Arctic Monkeys veröffentlichen Video zu "Arabella"

Die Überflieger-Band aus Großbritannien lässt wieder von sich hören - und sehen.

In Großbritannien sind die Arctic Monkeys eine Bank für Nummer-1-Alben. Jedes ihrer fünf Studioalben fand sich an der Spitzenposition der Hitparade wieder. So auch "AM", das vergangenen September herauskam. In Österreich konnte die verköpfige Indie-Rockband um Alex Turner mit Platz zwei ihre bisher beste Charts-Position erreichen.

Erst Ende Februar ging die Rekordjagd weiter: Bei den Brit Awards schafften es die Arctic Monkeys als erste, zum dritten Mal in einem Jahr die Preise für Beste britische Band und Bestes britisches Album einzuheimsen. Davor war das schon 2007 und 2008 der Fall.

"Rock'n'Roll wird nie sterben"

Die Arctic Monkeys gaben sich betont cool: "Auch wenn es wundervoll ist, für etwas nominiert zu werden, das man selber geschaffen hat, glaube ich nicht, dass das Talent einer Gruppe von Musikern unbedingt proportional zur Größe ihres Regals voller Preise ist", sagte Alex Turner nach der Show. Auf der Bühne hielt er eine Lobesrede auf den Rock'n'Roll. "Der Rock'n'Roll wird einfach nie sterben." Ab und zu gehe er in Winterschlaf, aber er warte immer um die Ecke, um wieder hervorzubrechen und noch besser auszusehen als zuvor.

Auch bei den NME Awards wurde diese Einstellung belohnt: Gleich fünf Preise konnten die Jungs aus Sheffield mit nach Hause nehmen (Beste britische Band, beste Live-Band, Bestes Album, Beste Fans und Alex Turner als "Hero of the Year".

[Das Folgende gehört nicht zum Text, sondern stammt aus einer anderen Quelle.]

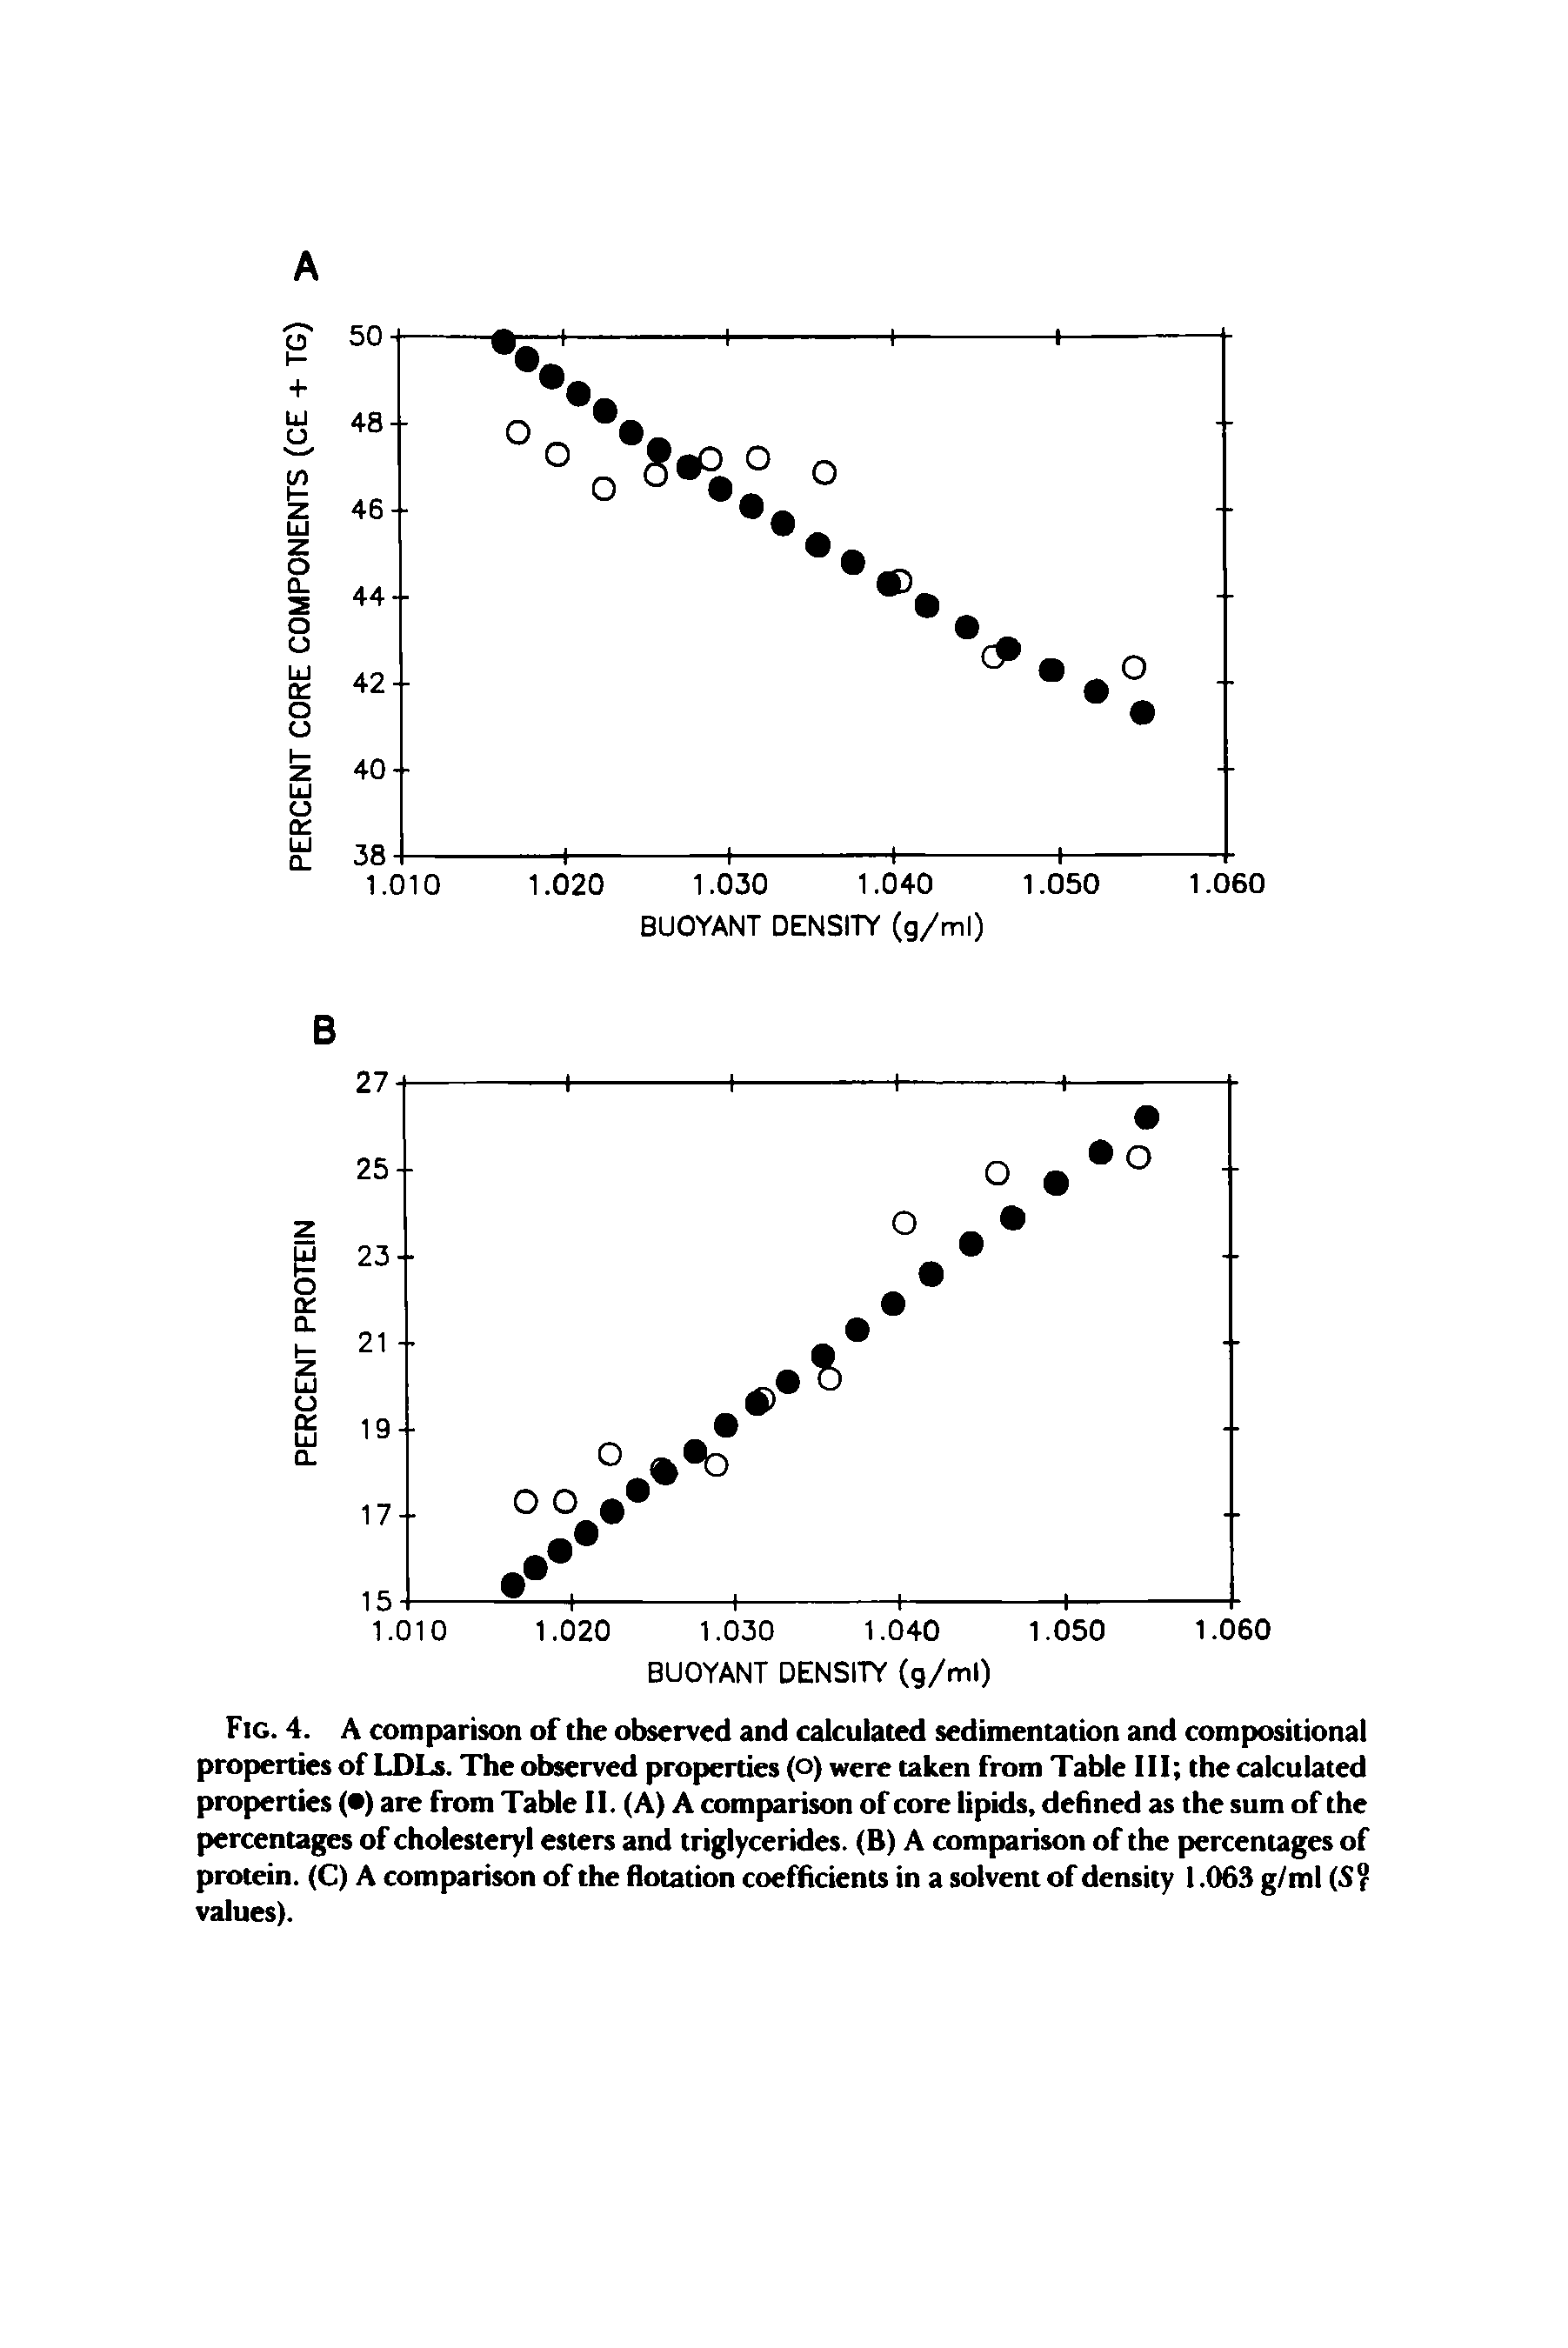 Fig. 4. A comparison of the observed and calculated sedimentation and compositional properties of LDLs. The observed properties (o) were taken from Table III the calculated properties ( ) are from Table II. (A) A comparison of core lipids, defined as the sum of the percentages of cholesteryl esters and triglycerides. (B) A comparison of the percentages of protein. (C) A comparison of the flotation coefficients in a solvent of density 1.063 g/ml (S° values).

Beflügelt vom Erfolg, haben Sie am Montag das Video zu der Single "Arabella" veröffentlicht, die am 10. März erscheint. Der Song stammt vom Album "AM", das die Arctic Monkeys deshalb mit ihren Initiialen versahen, weil die Aufnahmen in Kalifornien so gut gelaufen seien. "Wir haben im Sound Fortschritte gemacht, auf die ich richtig stolz bin", sagte Turner im KURIER-Gespräch (siehe unten). "Wir haben viel an den Gesangsstimmen gearbeitet und dabei Elemente aus dem aktuellen R&B eingebracht."

Das Video zu "Arabella" am Premierentag auf KURIER.at:

Die Wüsten-Söhne im Interview

Integraton“ heißt der weiße Dom nördlich von Yucca Valley in der Wüste von Kalifornien. Die Konstruktion aus Fiberglas und Holz wurde von George Van Tassel einst als „Verjüngungsmaschine“ gebaut. Die Arctic Monkeys haben ihre Wirkung ausprobiert.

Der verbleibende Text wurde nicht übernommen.